Brasil precisa de R$ 249 bilhões anuais para infraestrutura sustentar a transição energética, aponta BNDES

Apesar de ter recursos naturais abundantes para a transição energética, o Brasil precisa preencher uma lacuna anual de R$ 249 bilhões em investimentos em infraestrutura para aproveitar melhor o seu potencial.
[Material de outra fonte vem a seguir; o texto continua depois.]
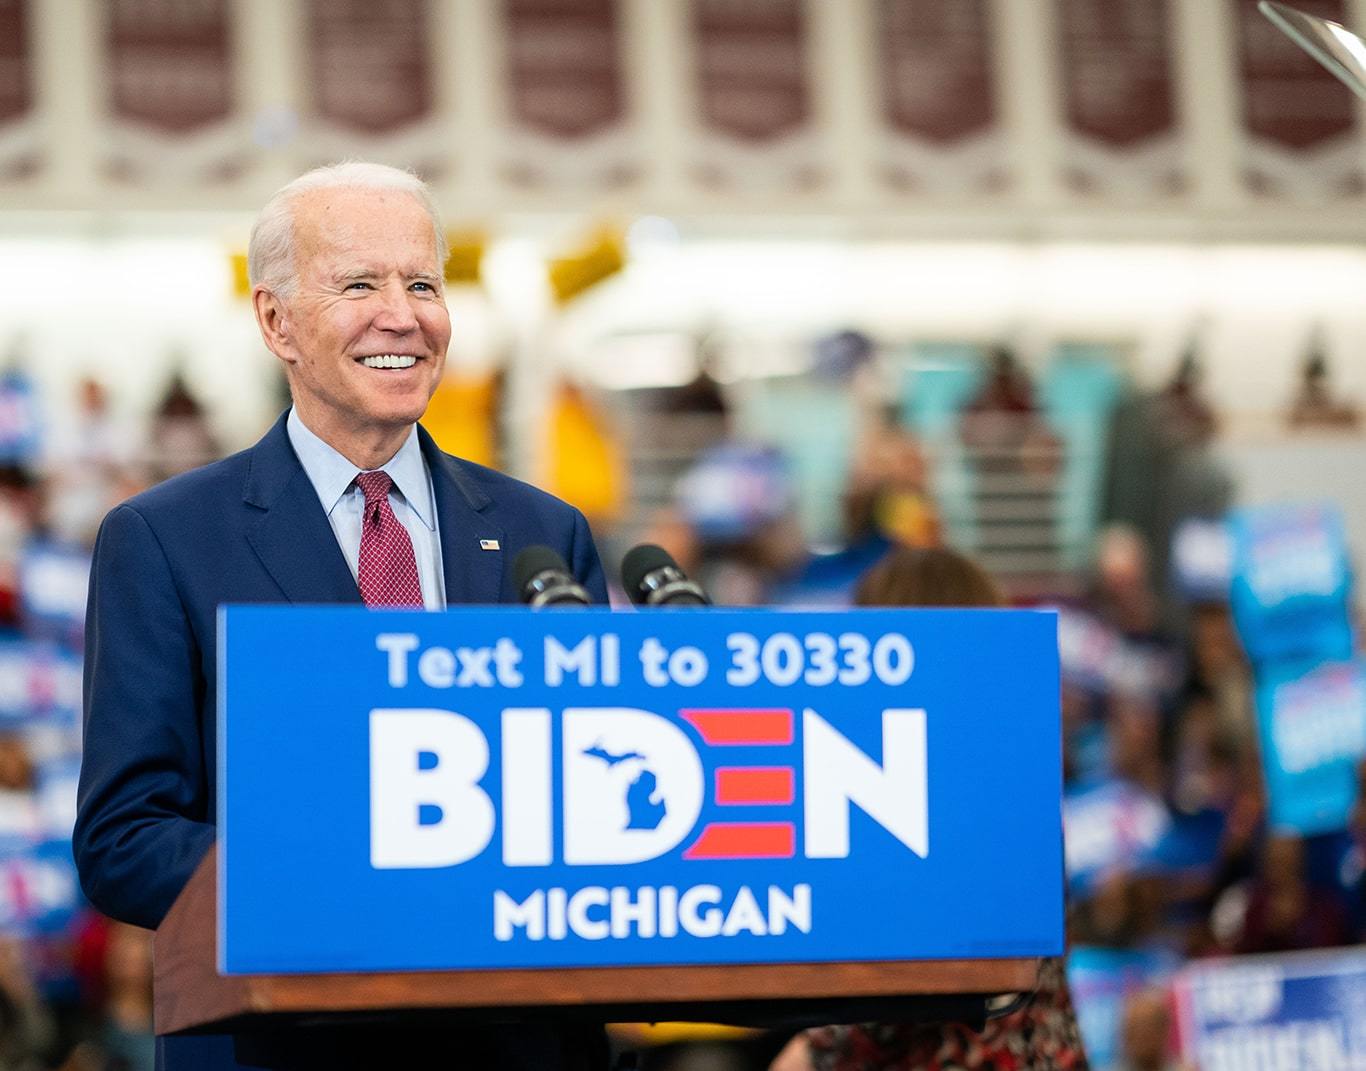 Joe Biden smiling at a podium during a rally in Michigan. He is wearing a blue suit, red tie, and an American flag pin.
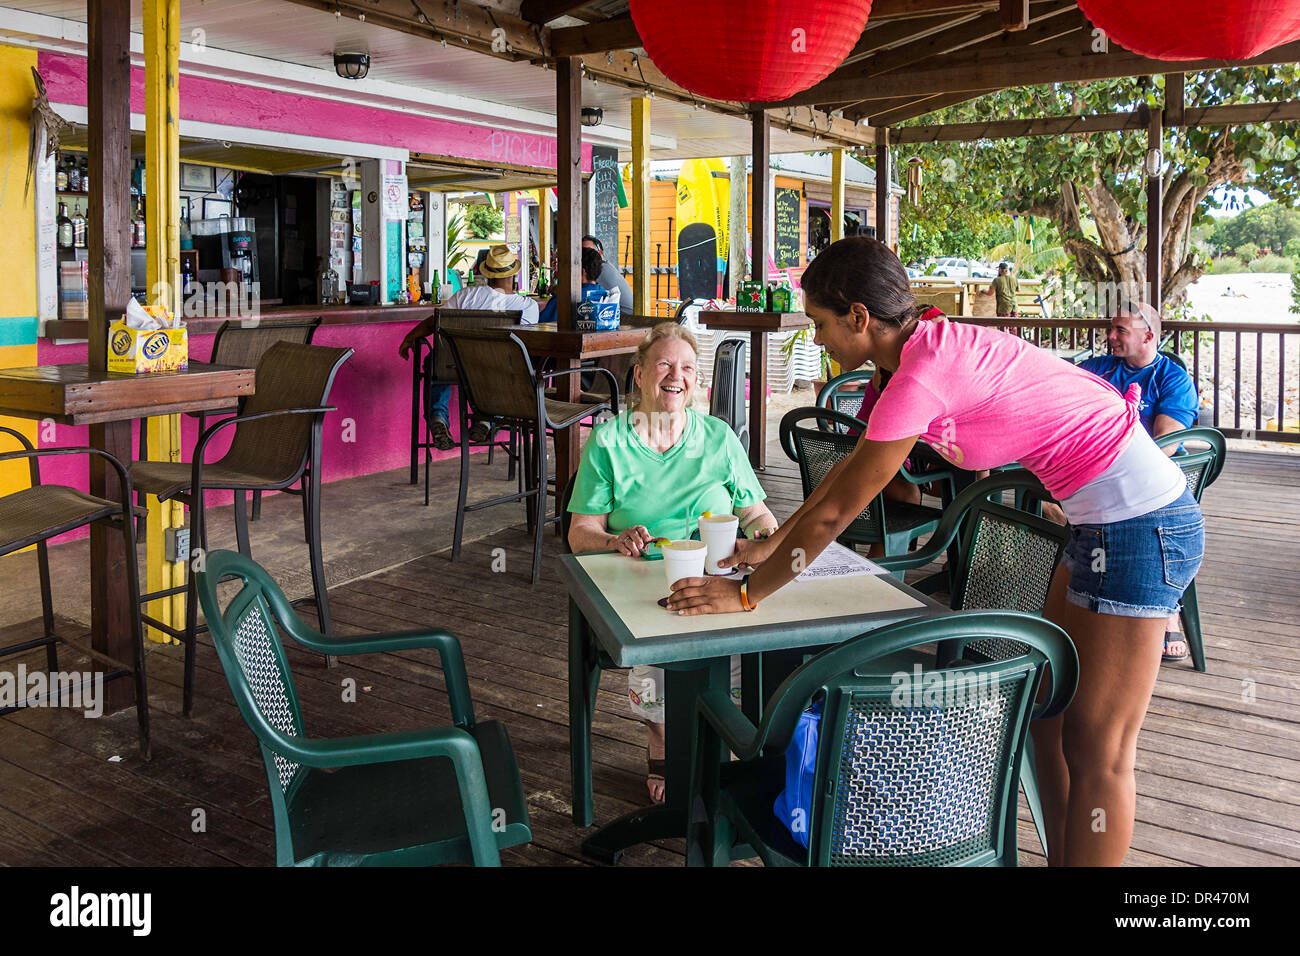 A senior woman interacts with a waitress who is serving margaritas at an outdoor restaurant in St. Croix, U.S. Virgin Islands. Stock Photo

É o que mostra levantamento feito pelo BNDES com exclusividade para O GLOBO, com base em dados da Associação Brasileira da Infraestrutura e Indústrias de Base (Abdib). Por ano, seria necessário que as iniciativas pública e privada investissem R$ 462 bilhões nas áreas de transporte, eletricidade, telecomunicações e saneamento. Contudo, em 2023, o montante investido foi de R$ 213 bilhões, 46% do ideal.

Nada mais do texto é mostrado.